Her eyes were a deeper purple than Mercy's, and they carried a depth and an insight that reminded Yerin of her master.
But her master had looked like a man in his thirties. This woman looked like she might not be twenty yet.
She rose, gesturing to the block of stone. “What do you think this should be?”
“We would not dare to guess,” Old Man Lo said.
Bai Rou dipped his head down, silent.
“A dragon,” Yerin responded. “It’s the one you’d expect.”
Akura Charity nodded, as though she had expected as much. “Would that not be too obvious?”
Yerin looked from one statue to another. “If you don't want them obvious, don't make them so big.”
“On the scale of what they represent, they are no more than figurines.”
Yerin didn't follow that, so she grunted.
Purple eyes moved to Bai Rou. They waited a moment, then the Sage said, “Take him from me and question him separately. I will question her.”
Lo moved in a blur, and in less than a blink, he had soundlessly moved Bai Rou out of the room and shut the door behind him. It was over so fast that it felt like a dream.
“We may release him when we learn what we need,” she said. “It depends on him.”
“Keep him,” Yerin said.
The Sage looked at her, expressionless.
“I'm stone-serious.”
Charity flipped the chisel like a coin. It flew up to the ceiling, spinning end-over-end. “We need to know what happened to the portal,” she said. At the very tip of its flight, the chisel brushed softly across the stone of the ceiling. Then it fell.

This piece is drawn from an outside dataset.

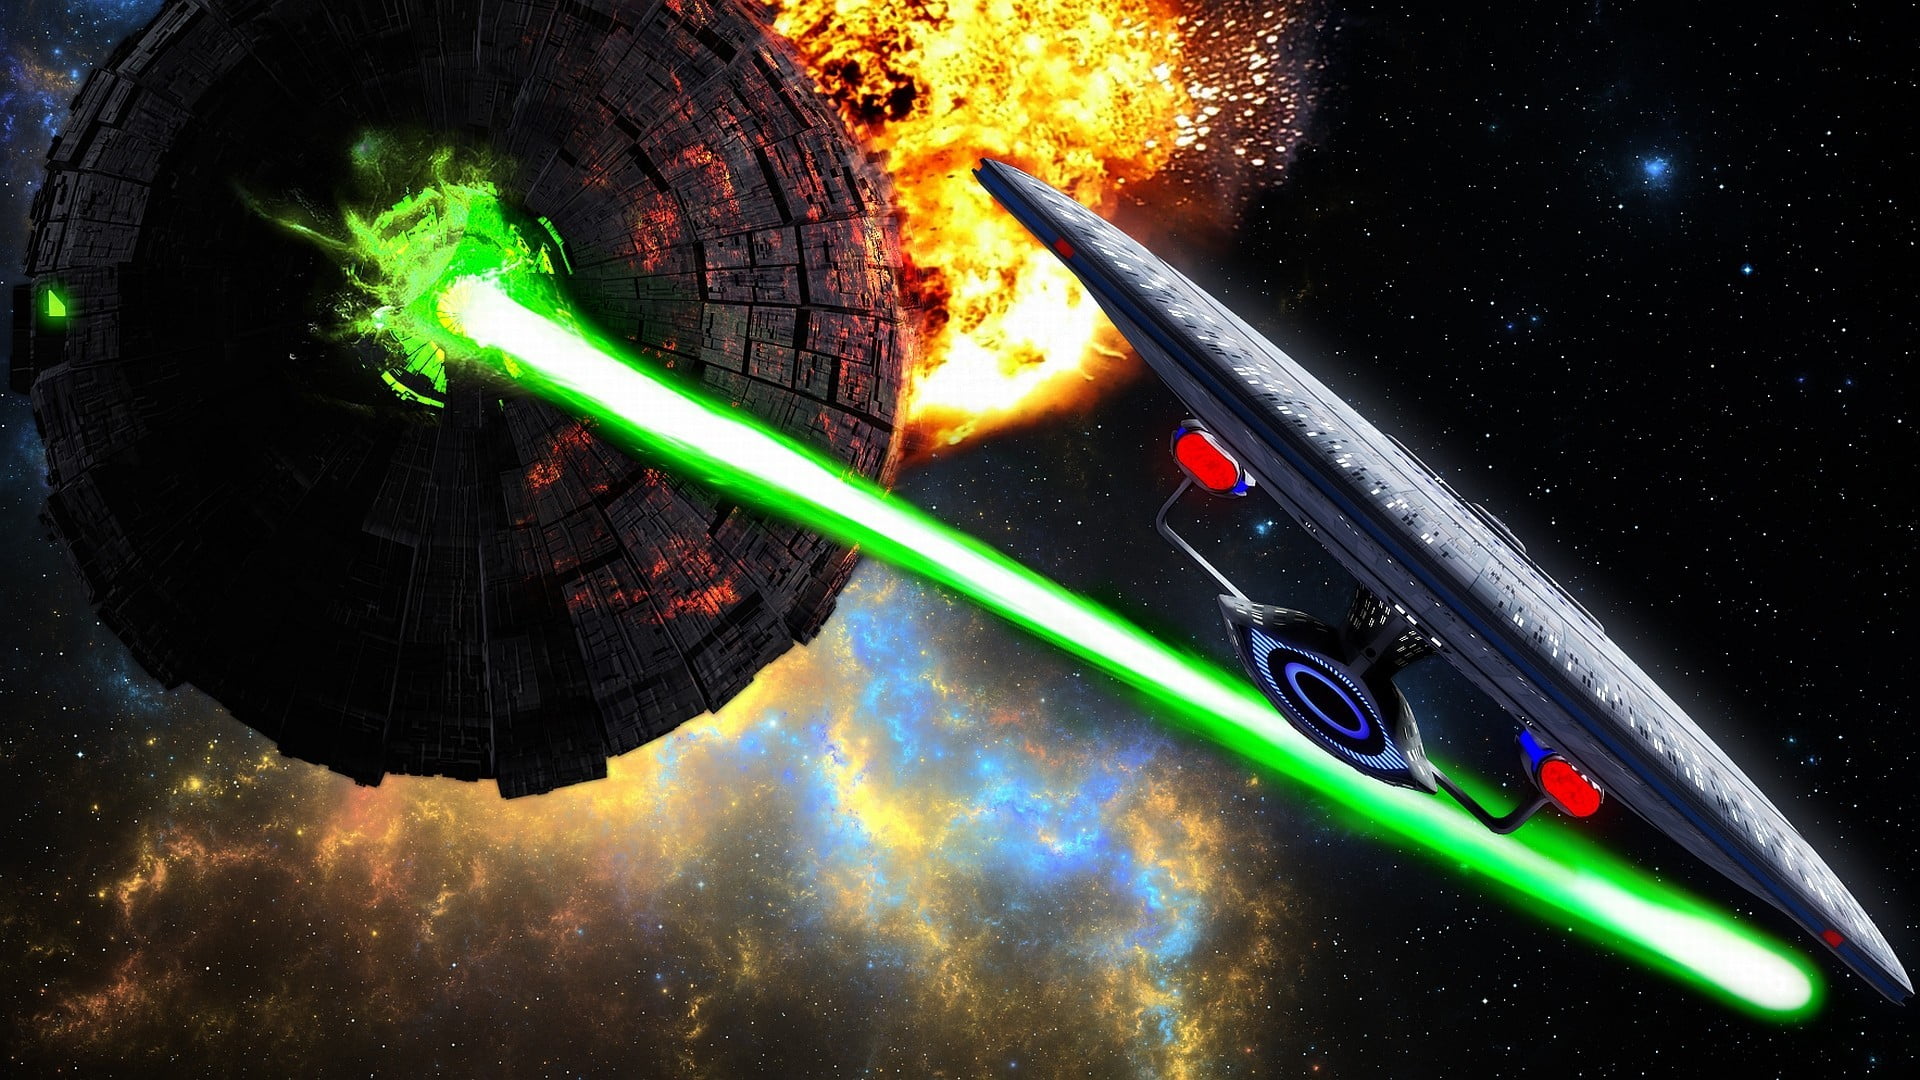 Star Wars Death Star digital wallpaper, artwork, Star Trek, green color

“Don't have a hint myself,” Yerin said.
She caught the chisel, still watching Yerin.
“We're working with the Skysworn,” Yerin said. “Blackflame Empire. Something was going wrong out here, something with Ghostwater, so we came to lay eyes on it. Three of us went in.” Her voice caught briefly as she added, “Three of us stayed out.”
“There was a transmission from one Skysworn to the other,” Charity said, flipping the chisel again.
“Multiple enemies. Told us not to run in.”
“And you tried to run in anyway,” the Sage said.
“...yeah.”
Charity caught the chisel on one extended finger this time, perfectly balanced.
Now she was just showing off.
“I have monitored the situation on the inside,” said the Sage. “I know exactly what happened in there. What I'm trying to decide is whether you are here, now, by coincidence or by design.”
“Not my design,” Yerin said, but what the other woman had said caught her ears. “My...fellow disciple ended up in there. I'd give two fingers and a pile of gold to hear what happened to him.”
Charity flipped the chisel up and grabbed it again. “After the great Northstrider withdrew his presence and protection from Ghostwater, six of the great Heralds in the world gathered to inspect the pocket world. They represented a significant portion of the world's military power, and were they to do battle inside Ghostwater, they might have torn the world apart. So they bound their spirits to a truce.